Beyond the Classroom: EKU Students Stand Out in State Internships

Published on March 01, 2024

By Evan Bentley

Last summer, the Kentucky Energy and Environment Cabinet (EEC) in Frankfort hired more than a dozen interns from Eastern Kentucky University (EKU). 

“All of these students have sought out interdisciplinary learning and training, and they are great examples of how impactful internship opportunities can be for students,” said Dr. Stephen Richter, executive director of agriculture, natural resources and environment at EKU. 

One of the EEC interns and Richmond native, Jesse Trost, spent a transformative semester working with the Kentucky Department for Environmental Protection.
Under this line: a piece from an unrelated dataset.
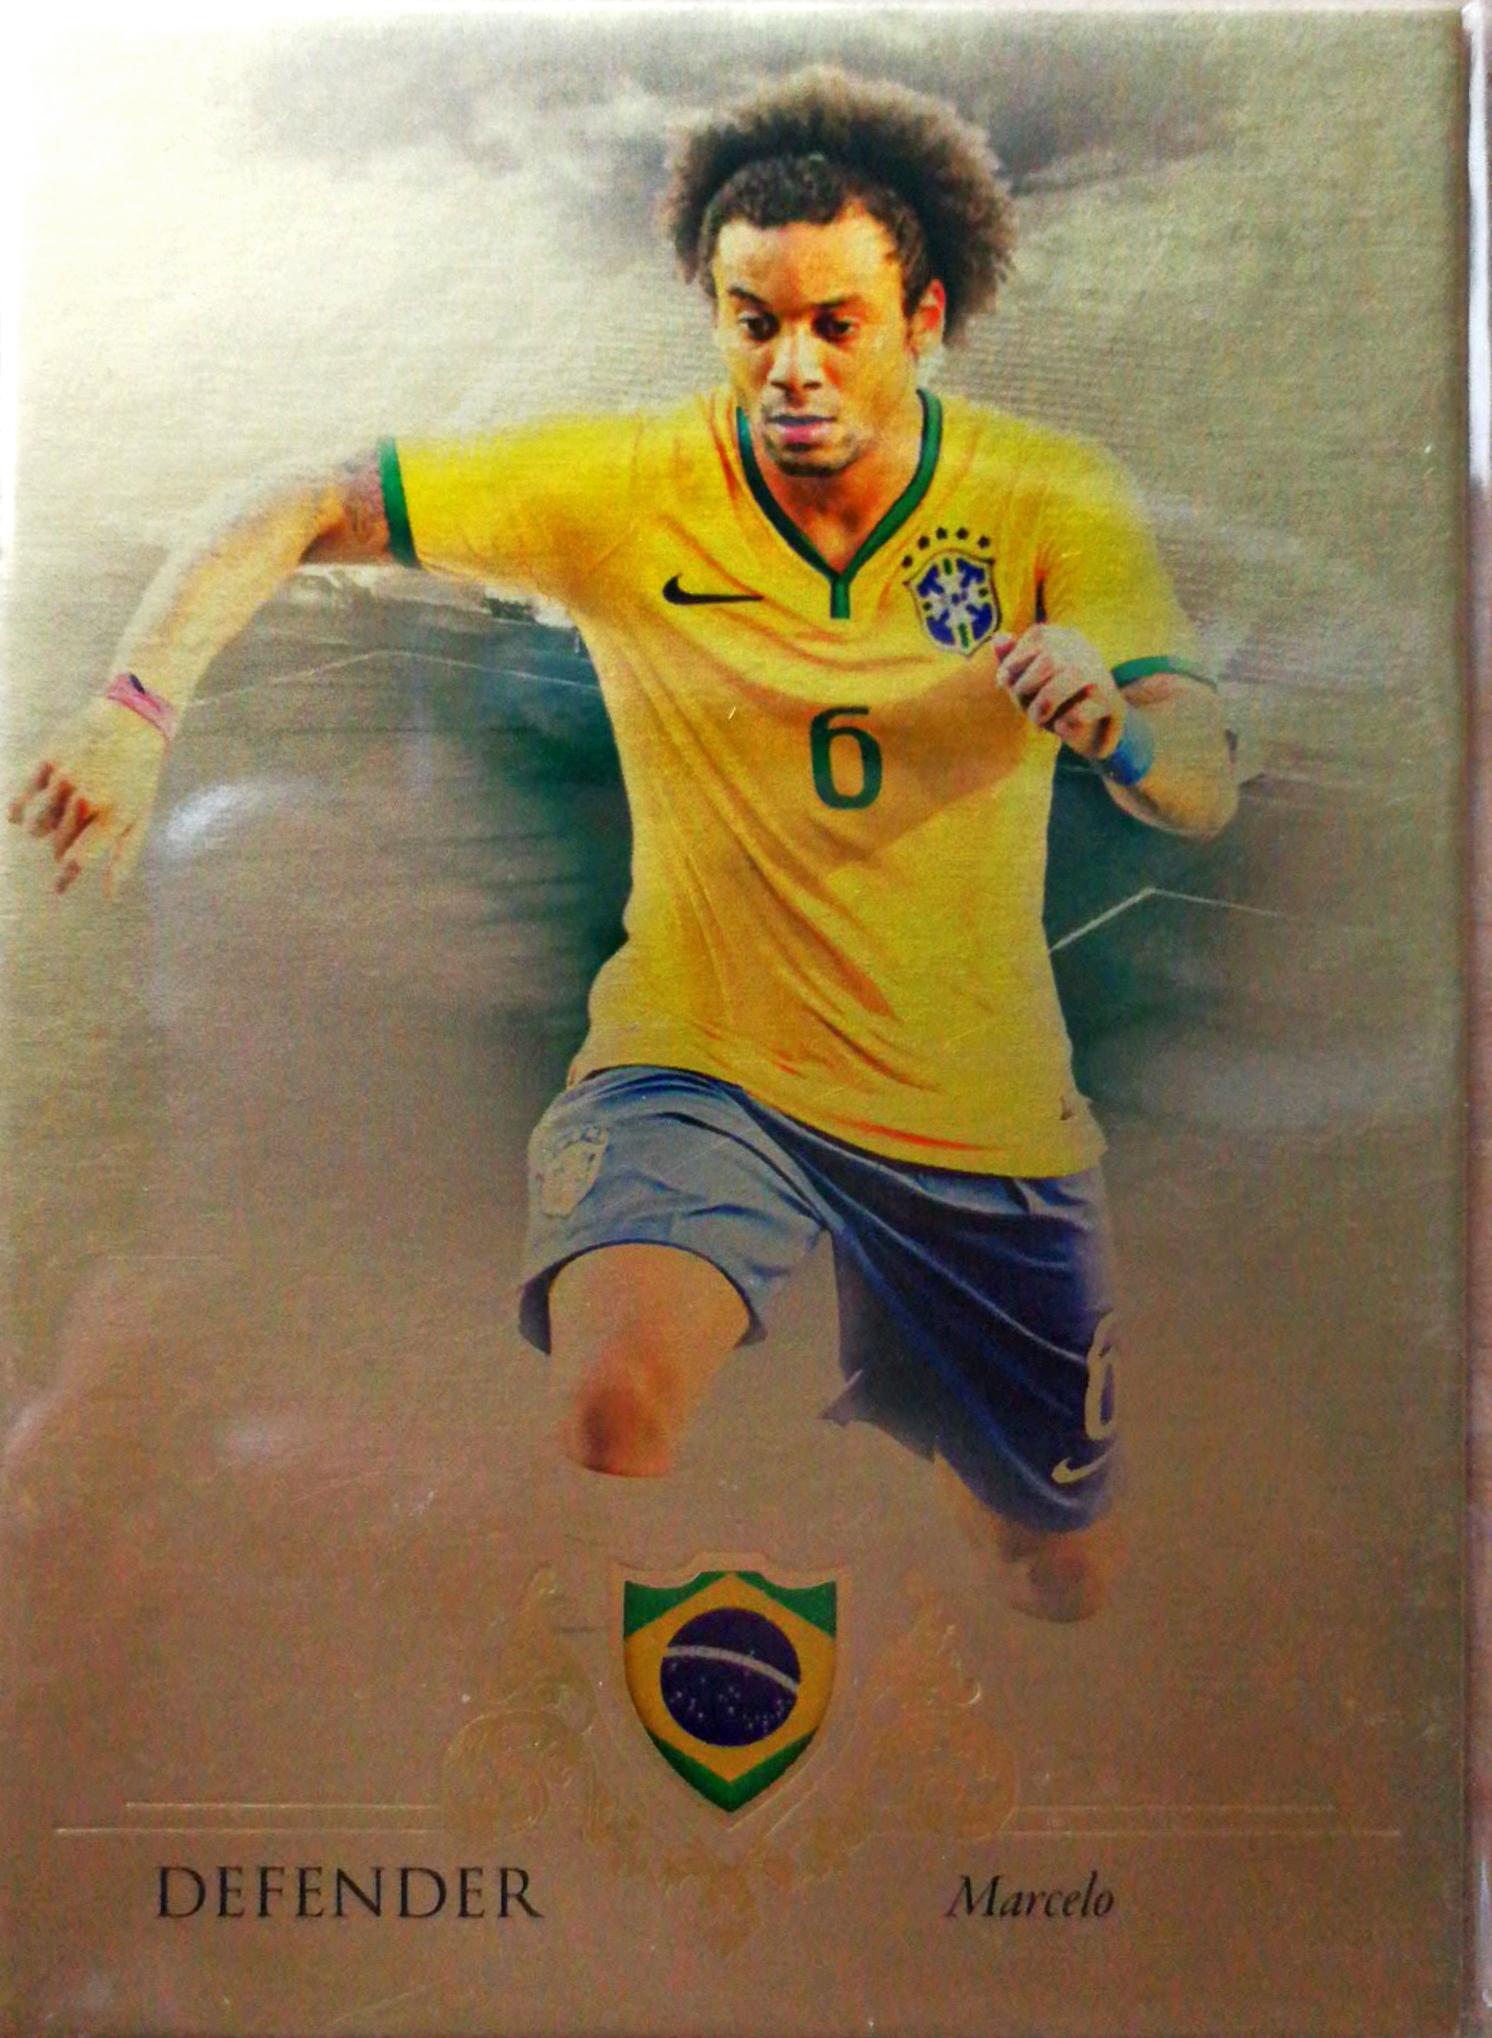 【自若清风】2016Futera世界足球Unique特制版球星卡Marcelo马塞洛巴西1/11NO.018基础卡特殊号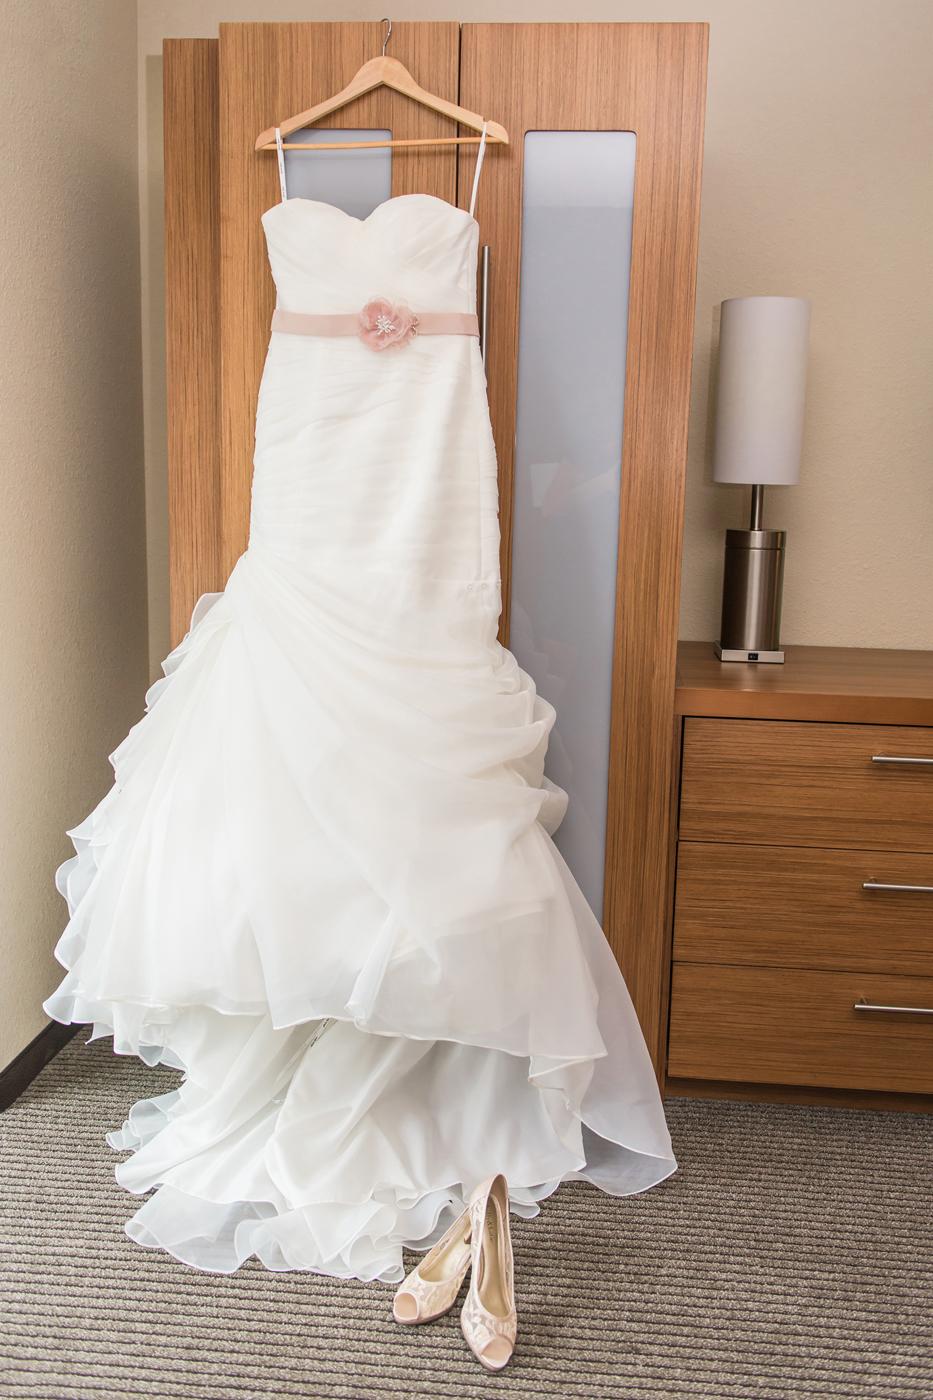 012-0034-jse-wedding-baltimore-3634

A graduate biology student, Trost compiled data on emerging contaminants and PFAS, a group of compounds commonly referred to as “forever chemicals.”

His internship involved collaboration with the commissioner and deputy commissioner of the department, as well as environmental consultants, each of whom provided Trost with a well-rounded understanding of the sector.

Considering his long-term career goals, Trost said, “I want to work as an environmental scientist for a state or federal agency or possibly a consulting firm, and through this internship, I was able to interact with people who work in all of those roles.”

His experience went beyond the confines of the laboratory, as he occasionally ventured into the field for sample collection. GIS (geographic information system) proficiency learned at EKU provided Trost the ability to create maps and visualize data across a multitude of projects. 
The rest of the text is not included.